In the ZESCA study, counseling involved what would typically occur in the AMI population, that being a brief two-minute counseling session with the cardiologist. Further interactions with research nurses involved approximately five minutes of counseling. This occurred in the hospital and with telephone conversations to assess for side effects. On average, patients received about 40 minutes of counseling in both the treatment and placebo arms.

"Critics may say that we would have had a much better result if we had high-intensity counseling, but that is often logistically difficult to deliver in most MI patients," said Eisenberg. "We were trying to replicate what typically goes on and to see if the addition of a medication known to be an effective smoking-cessation agent would be enough to do it. But that did not appear to be the case."

The researchers are currently conducting a similar study known as the Evaluation of Varenicline in Smoking Cessation for Patients Post-Acute Coronary Syndrome (EVITA) trial.Eisenberg noted that head-to-head studies of varenicline (Champix/Chantix, Pfizer) and bupropion have suggested varenicline is more effective in getting patients to quit smoking, leaving them optimistic the next study might be positive. However, they are encountering similar issues in that many patients, smokers for more than 30 years, are insisting on going "cold turkey" or who feel hopeless that they can quit.

Achieving Success in This High-Risk Population

In an editorial accompanying the study [2], Dr Neil Benowitz (University of California, San Francisco) and Dr Judith Prochaska (Stanford University, CA) write that hospitalization for an acute cardiovascular event provides an opportunity for patients to quit smoking because patients are likely highly motivated to quit and have to at least temporarily stop while hospitalized.
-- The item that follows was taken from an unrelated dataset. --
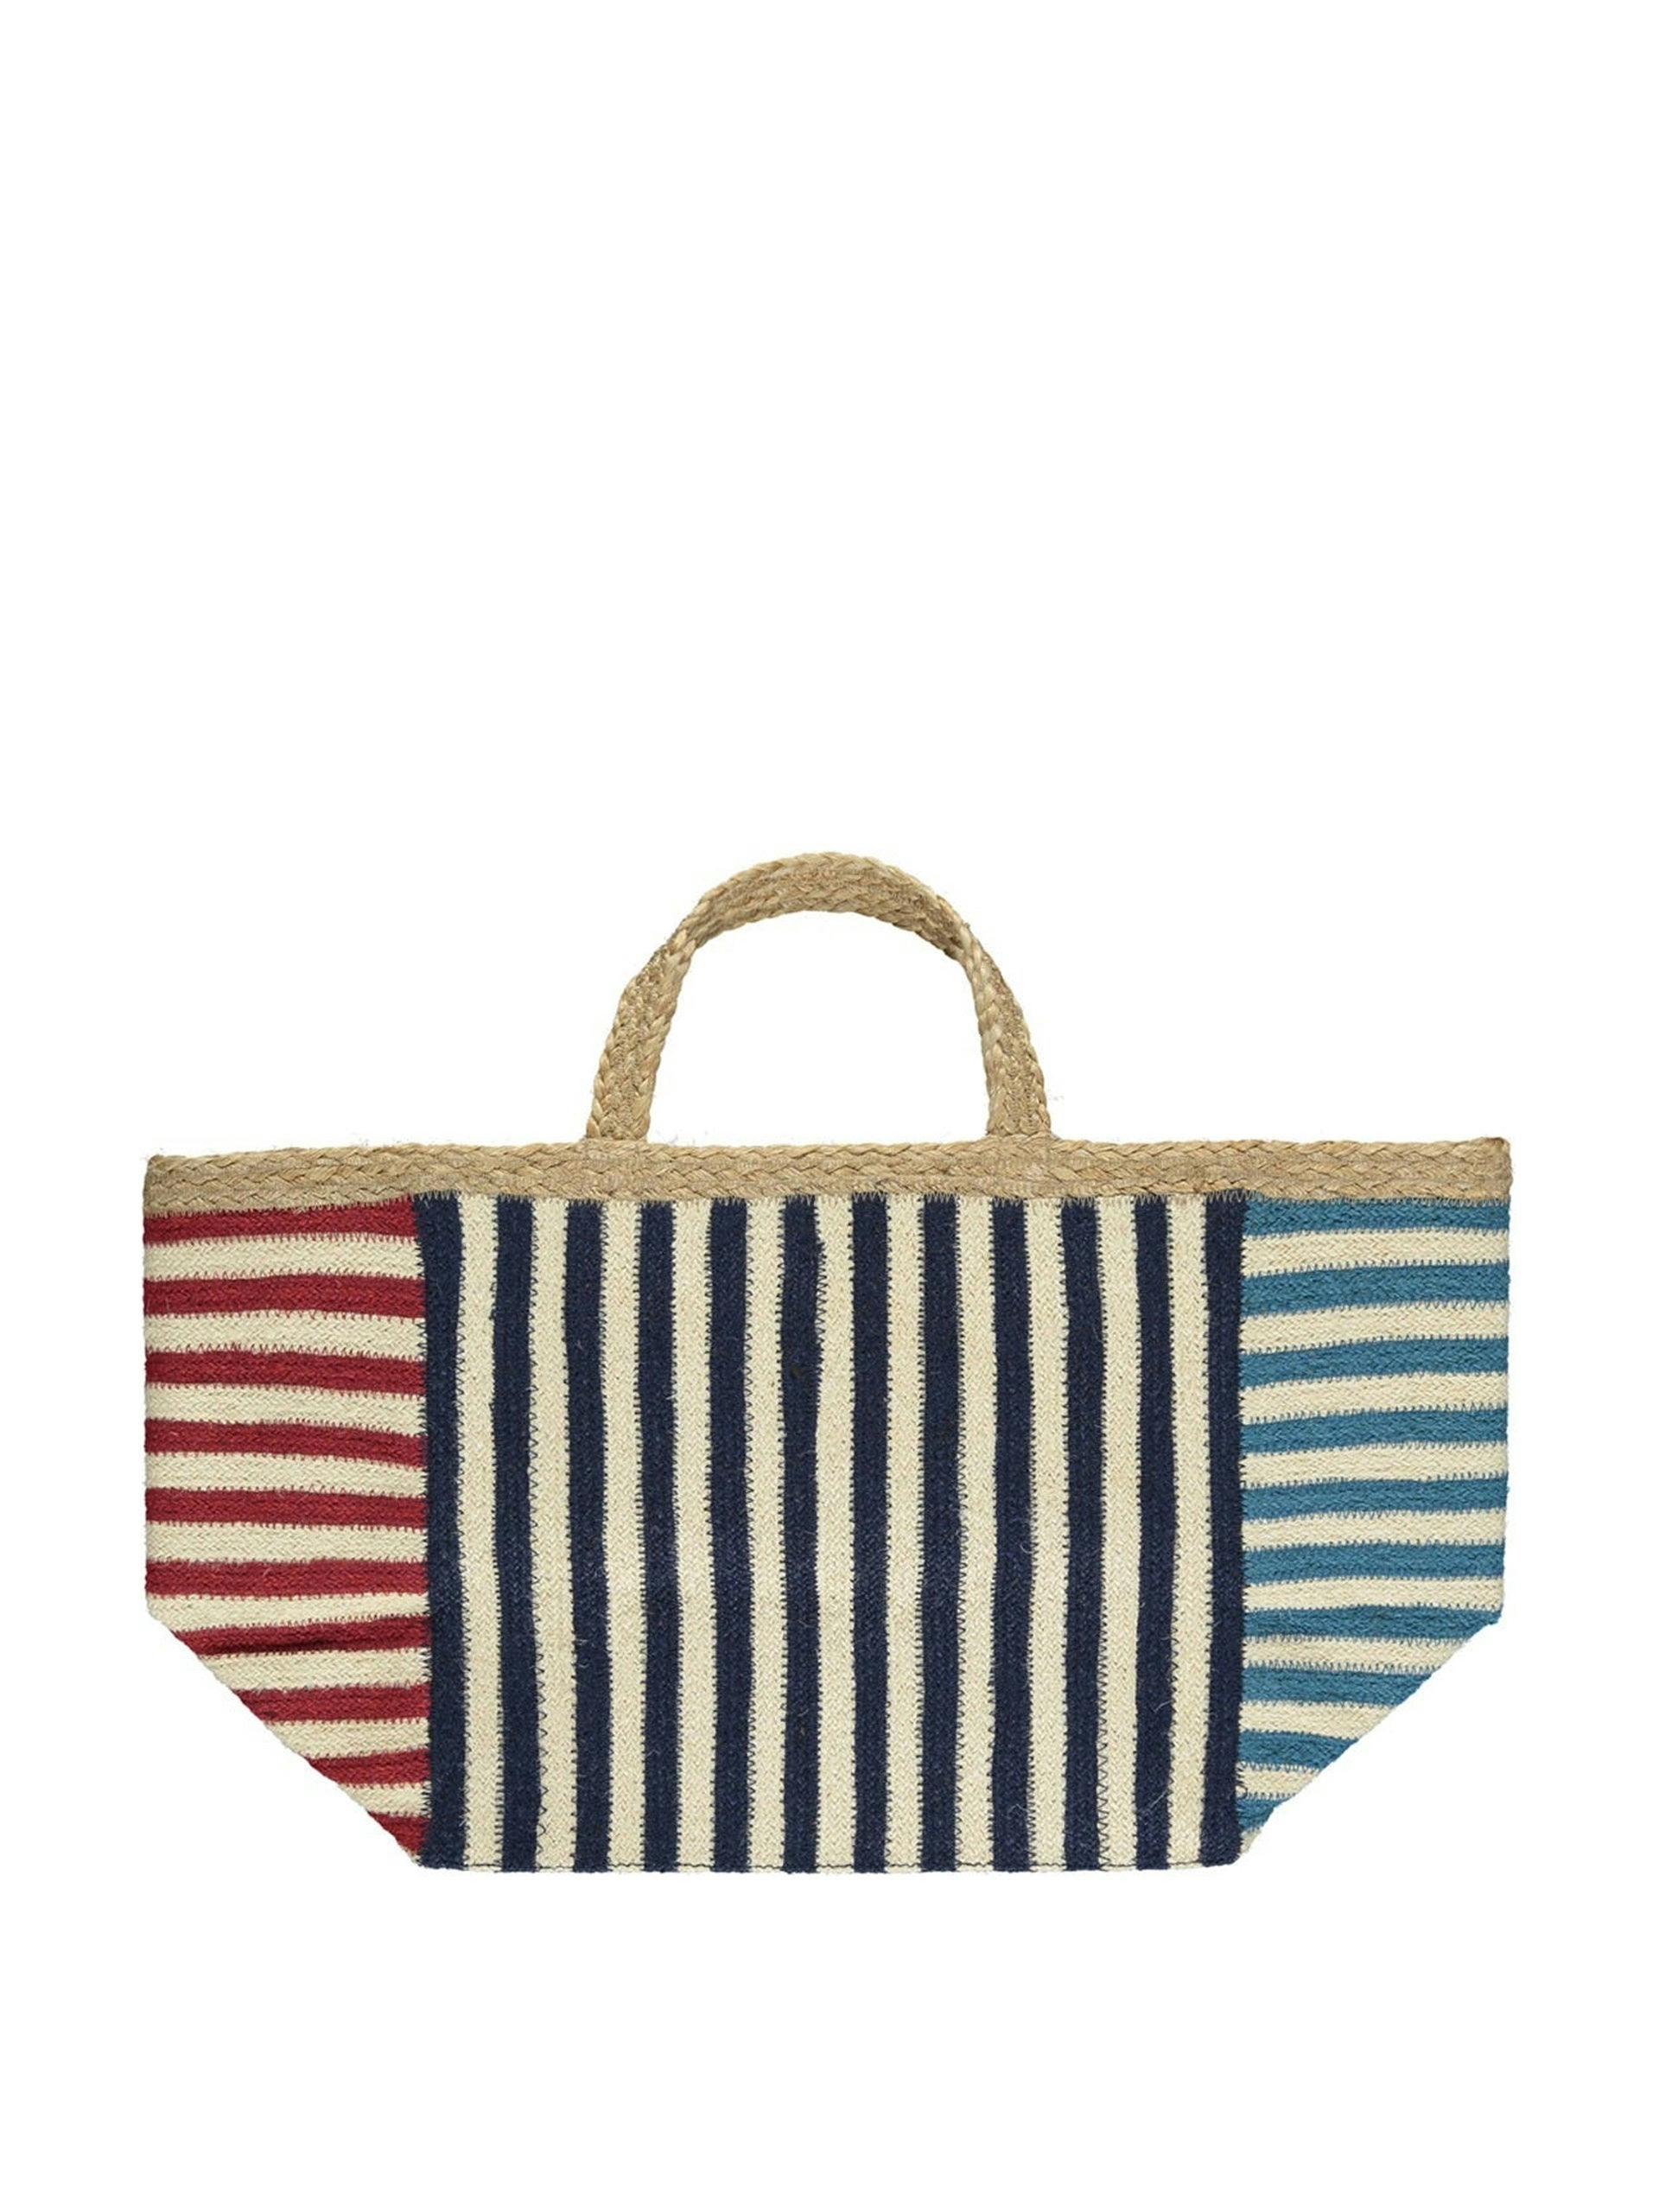 Red and white striped jute bag

That said, their level of dependence is often quite high, with many patients smoking for years despite having several cardiovascular risk factors, and the duration of their hospital stay is often brief. In addition, some physicians might be reluctant to prescribe a smoking-cessation drug in the post-AMI setting because patients are already prescribed a number of cardiovascular medications, as well as other medications for comorbid conditions. Regardless, physicians need to actively engage their patients to help them quit smoking.
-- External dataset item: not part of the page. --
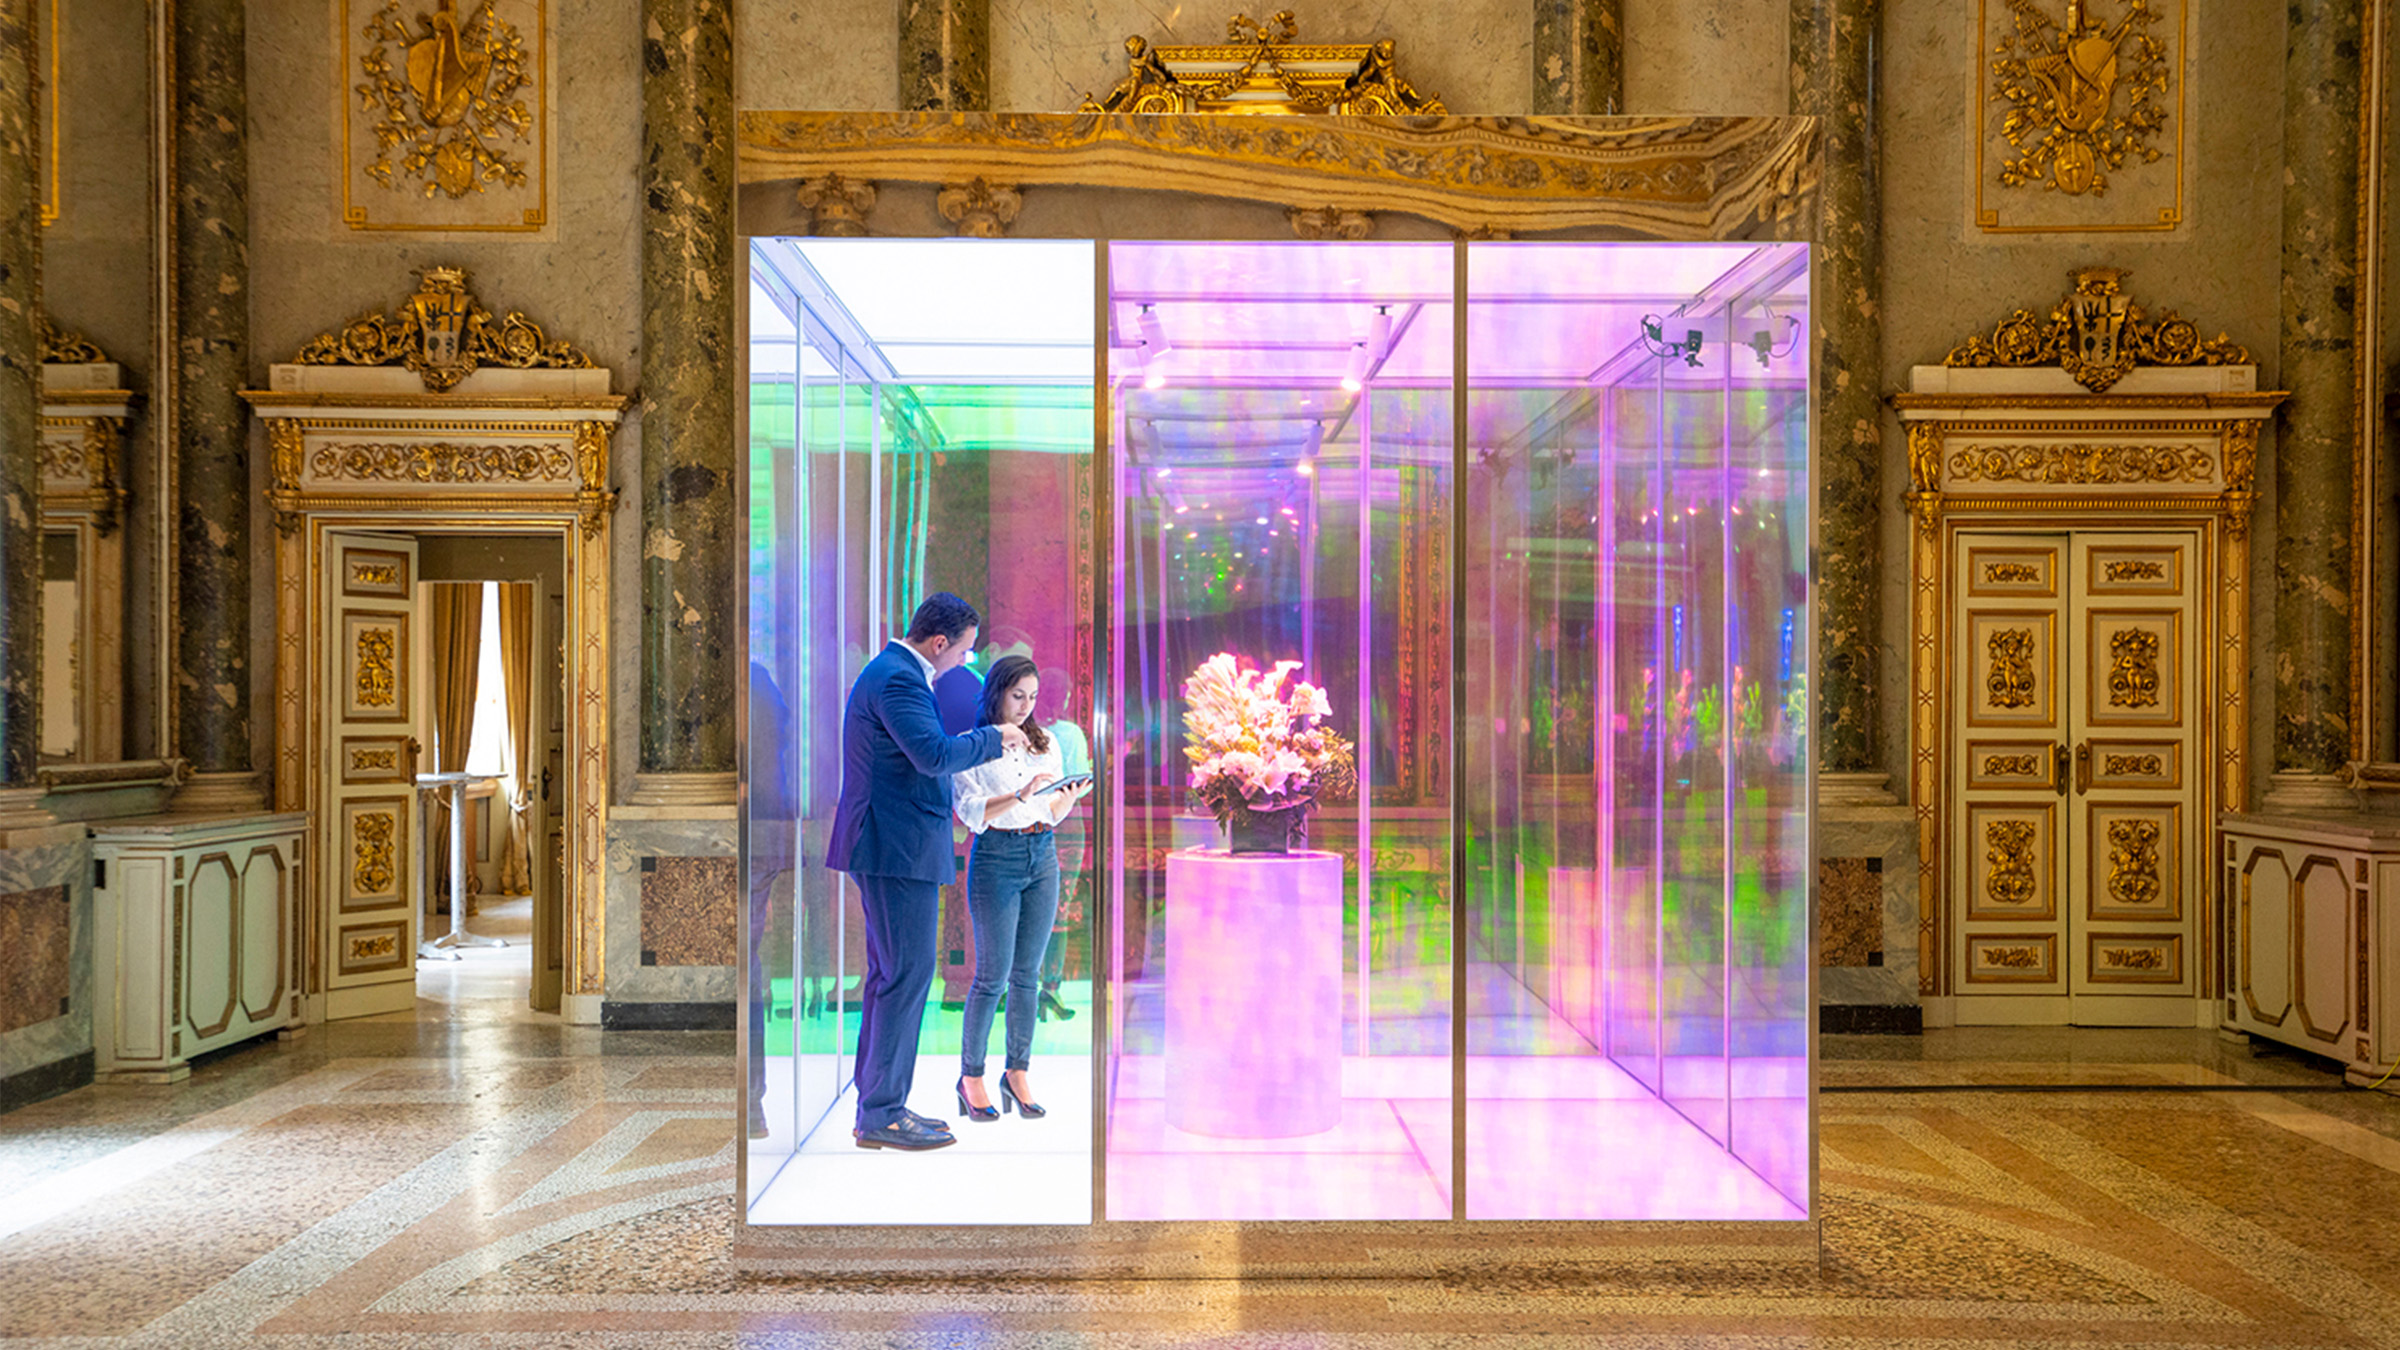 People in a glass cube in the middle of a baroque palace chamber surrounded by gilded, elaborately carved woodwork and terrazzo flooring.

"In conclusion, the standard of care for managing patients after myocardial infarction should include not only blood pressure and lipid management but also smoking cessation," write Benowitz and Prochaska. "At present, the quit rates for smokers after myocardial infarction are higher than those for the general population of smokers, yet given the enormous health risks, still much too low."

Recommendations for Smoking Cessation in Hospital

The editorialists recommend that the following be implemented in the hospital to assist with smoking cessation in the high-risk AMI population:

Effective counseling in the hospital for all smokers--"Hospital-based cessation treatment needs to be proactive, tailored to readiness to quit, progressive in the use of nicotine replacement for the management of withdrawal symptoms, and focused on gaining buy-in and building rapport for continued treatment and patient adherence posthospitalization," they write.

Effective transition from inpatient to outpatient smoking-cessation treatment (minimum one-month follow-up).

Prescription of medication to manage withdrawal and support long-term cessation.

Management of comorbid mental health issues, including depression, which can be triggers for smoking relapse.

These recommendations, they point out, are in line with the Joint Commission's current recommended hospitalwide standards.

The study was funded by the Canadian Institutes of Health Research and the Heart and Stroke Foundation of Quebec. Eisenberg received funding from Pfizer Canada, to perform the EVITA trial. Disclosures for the coauthors are listed in the paper.